Monday, February 3, 2020

Older Parents Parenting Their Own Parents

My mother suffered a stroke back in October, and is still in the midst of recovery from it.  She may never recover much use of one arm, or full use of her leg.  She is speaking quite well, and able to eat and drink just fine now, but she continues to struggle with remembering words that would have once come easily.

I've been pondering the implications of this lately.  I mean, I'm in my mid-50's now, my hubby his late 40's.  Our parents are all in their 70's or early 80's, and, while we both have some long-lived relatives in our background, that doesn't mean they were healthy and independent their whole lives.  Hubby is an only child, so we know there is a very real possibility that we will be called upon to care for his parents in the future.

So, this is not yet me, exactly. I'm not actively caring for my mother. That has, due to geography and other life experience, fallen to the middle sister of us three girls. It has occurred to me, however, that some older parents may find themselves in the situation of both raising their brood and taking care of Mom or Dad.

I am very fortunate to have my sister in a position that she can help Dad take care of Mom when she's released from the rehab center this week.  I understand what a hardship this has been on her already.  Even with being a full-time telecommuter for her job, she's had to take half-days off work for several months to go spend time with Mom at the center, so Dad can get out and take care of himself and his home.

Having Mom move into her house (already ADA compliant, since my nephew has been in a wheelchair his entire life) will make some things easier, but there won't be a CNA there to help Mom out of her bed into a chair or to assist her with a shower.  A hospital bed will have to be rented ($200-$550 per month rental), as will a hoyer (c. $300 a month to rent, costing up to $3k, if purchasing outright) to lift Mom out of and into bed until she can manage to help herself.

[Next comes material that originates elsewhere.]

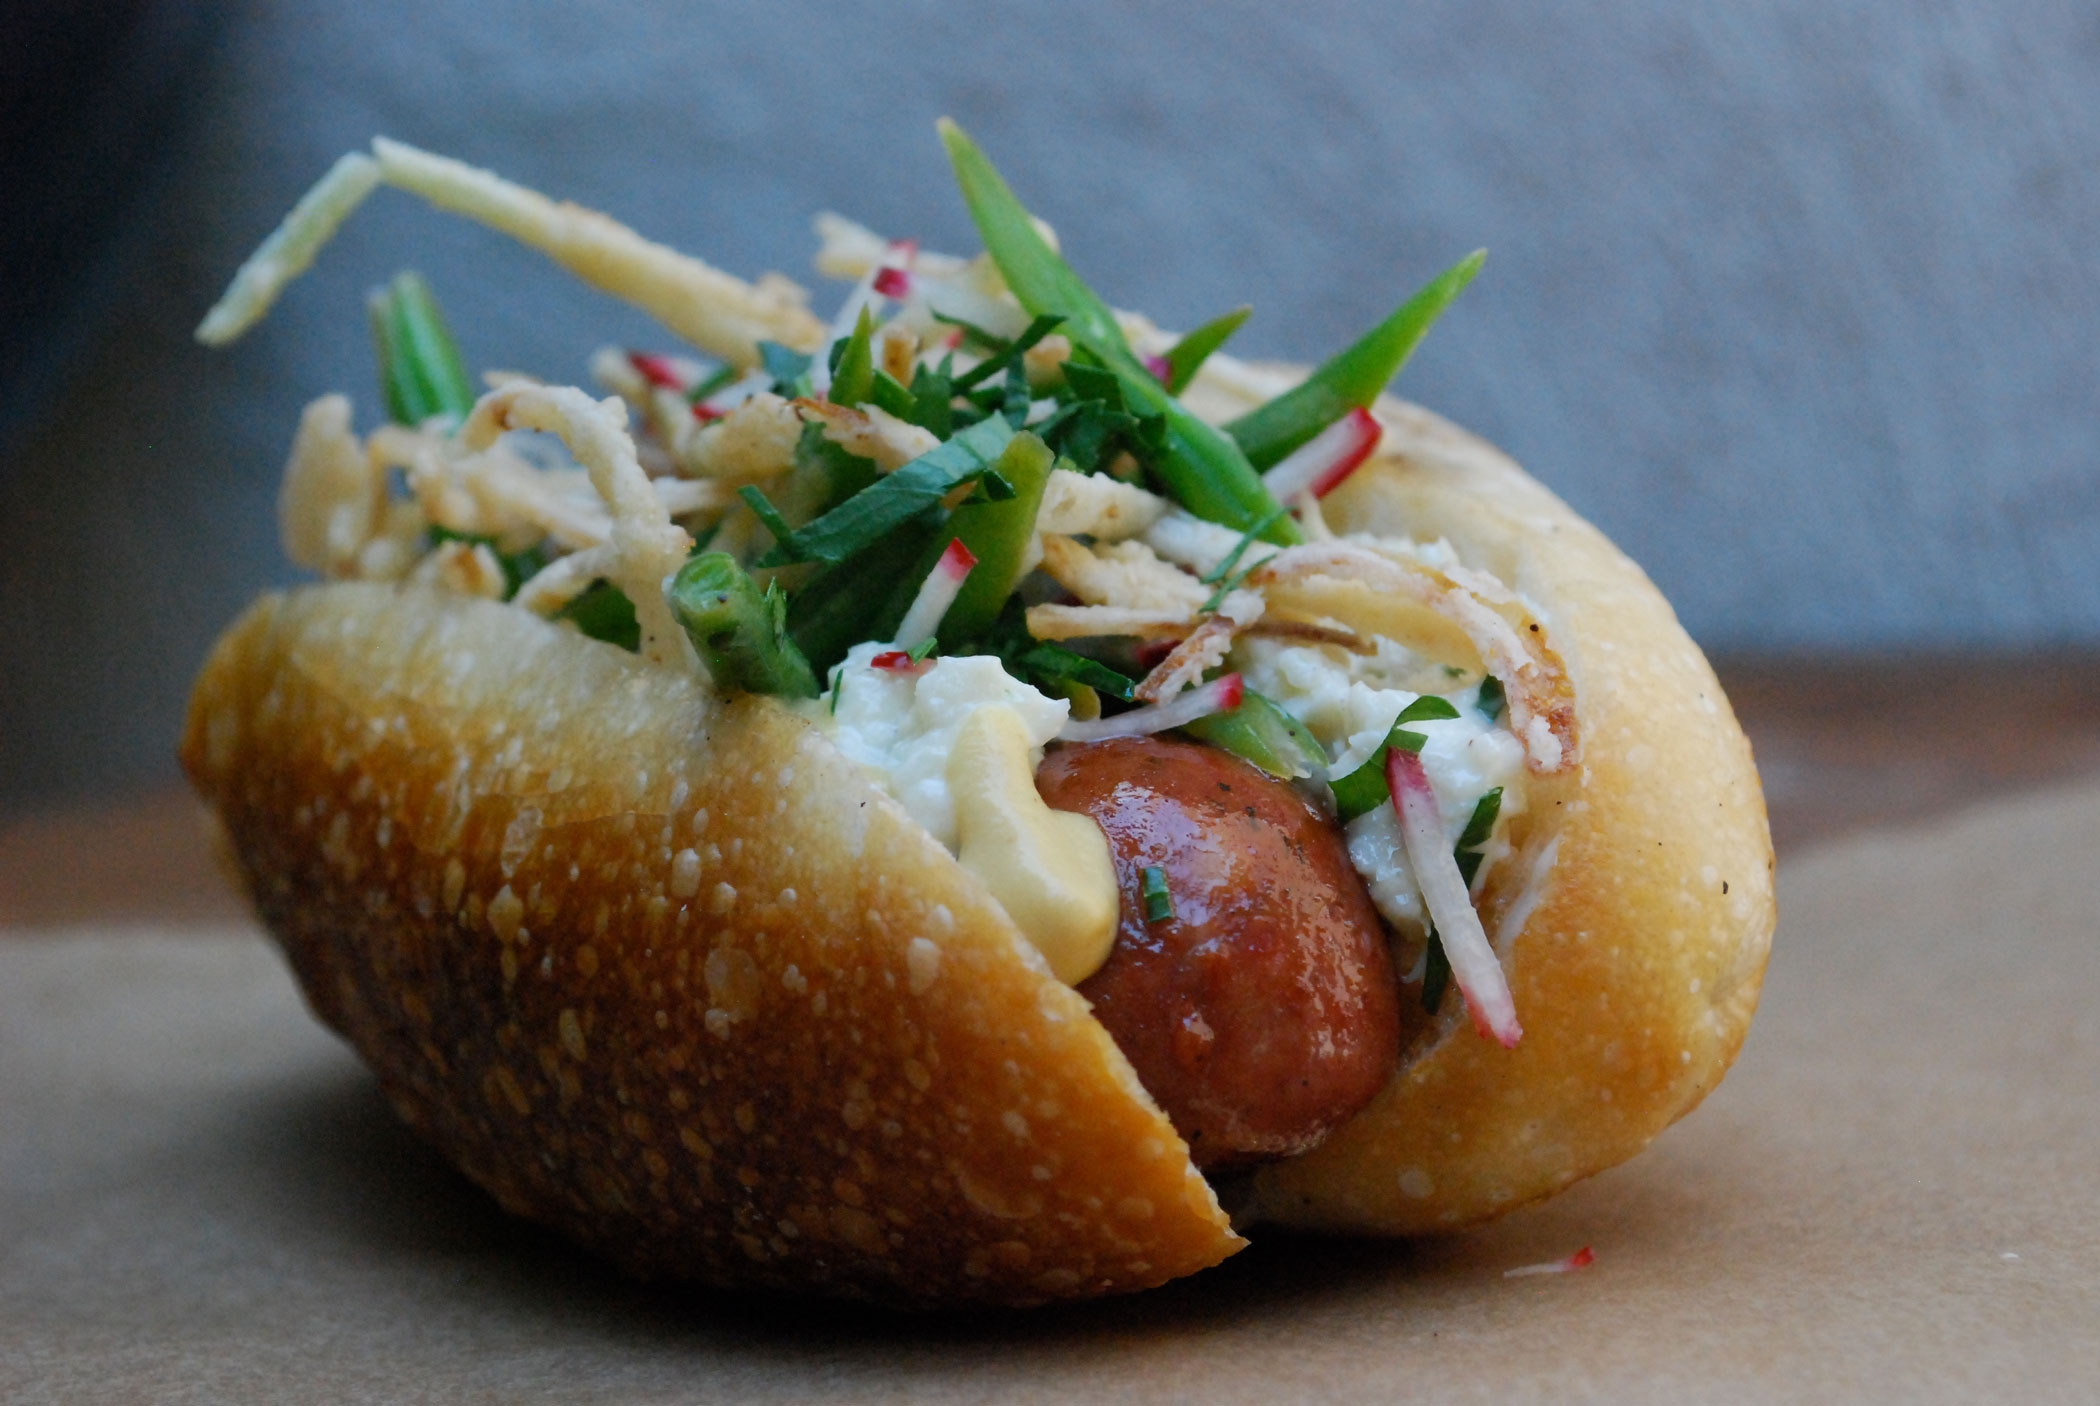 "Big French" Andouille hot dog
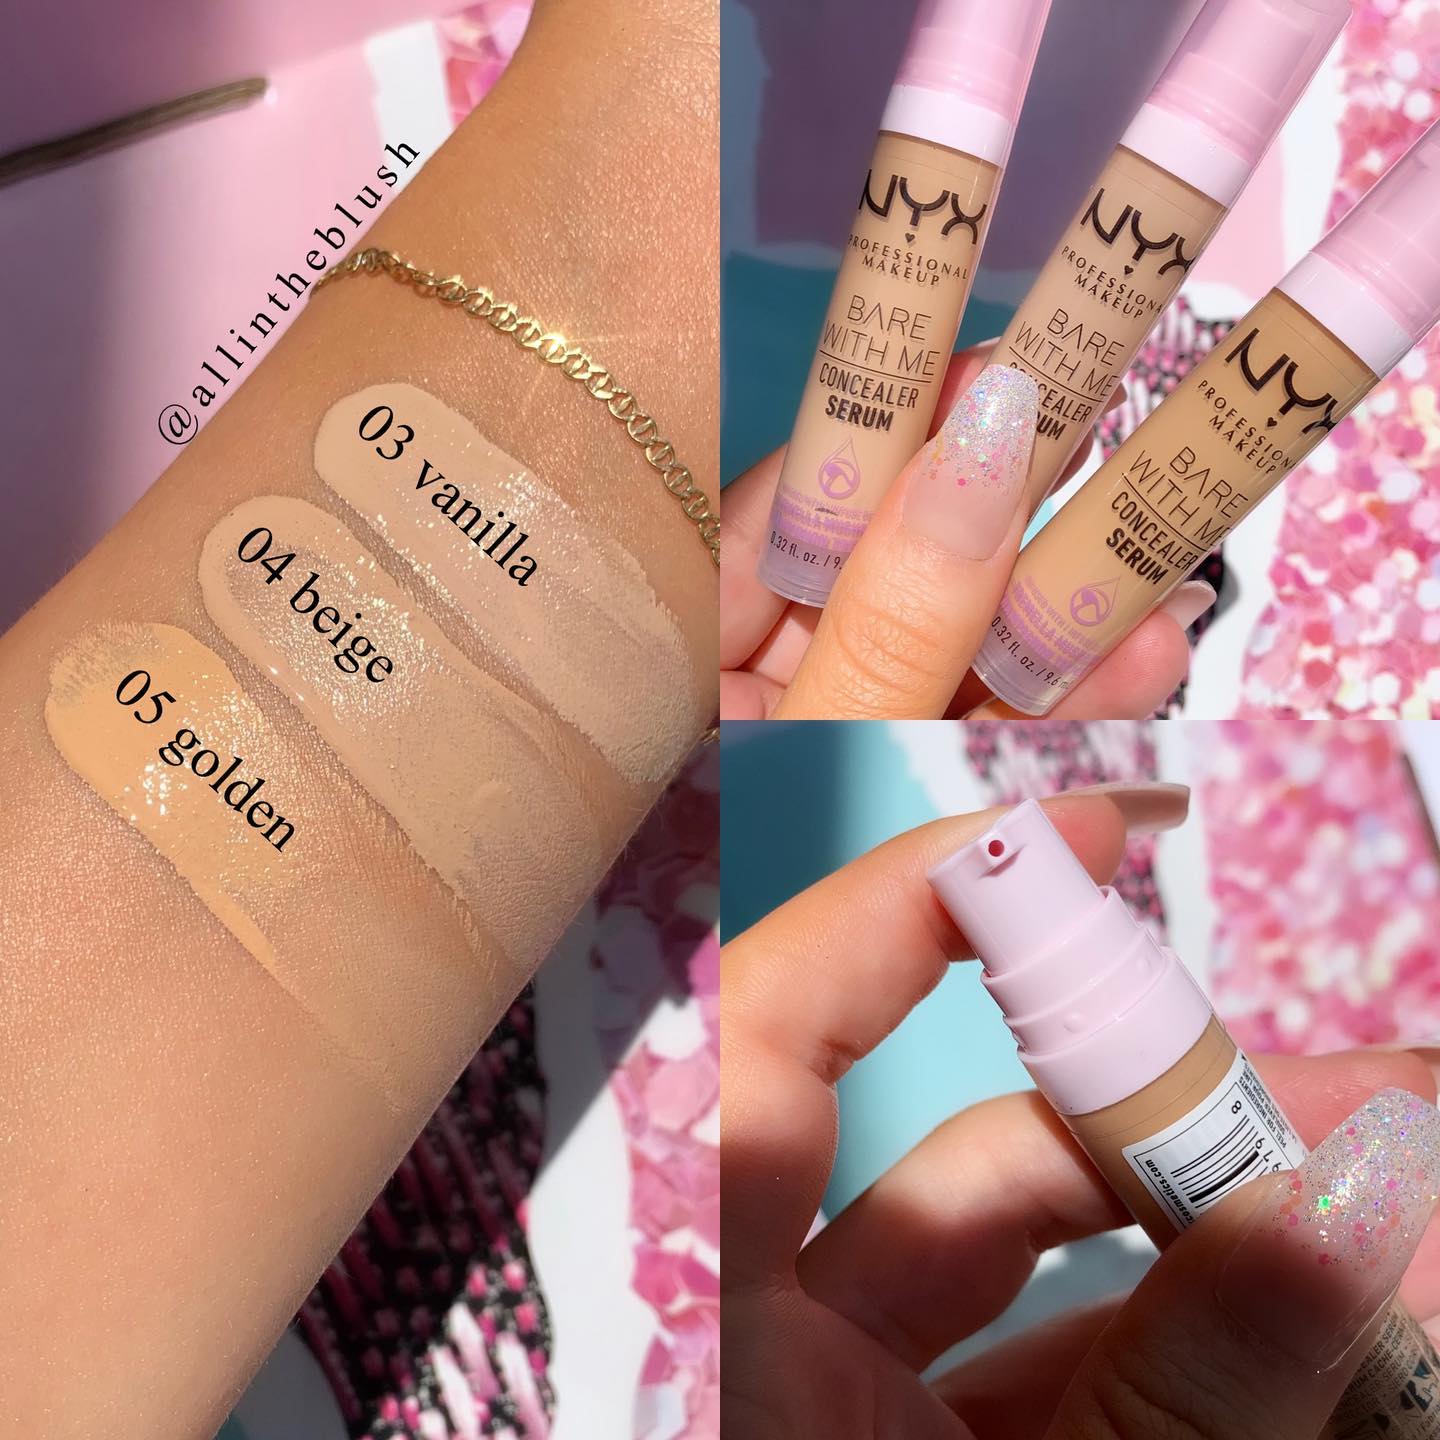 NEW Bare With All Serum - NYX: Swatches from Concealer Review In & The Blush Me

My sister has to travel for her job, and this is causing our mother a great deal of anxiety.  Mom trusts her to know what to do and to keep everyone and everything on schedule.  While Dad and my brother-in-law will be present, it's not the same in Mom's eyes. Dad isn't really strong enough to be much help, as willing as he is, and there are potential modesty issues with letting my brother-in-law help with changing clothes, etc.

Everything I describe above may sound familiar to anyone who has cared for an older family member, regardless of age or relation.  A quick internet search on caring for your parents popped up this article by Judith Graham, written in 2018 for Kaiser Health News.[1]  It discusses many of the issues you and I may face one day, given the longer lifespans we and our parents may have, compared to generations before.  While it does not address combining caring for parents and children, it does give a good overview of adult-care issues, and the impact on the older caregiver.

I'm going to do more research on the "caring for parents and kids at the same time" thing.  When I'm done, I'll report back.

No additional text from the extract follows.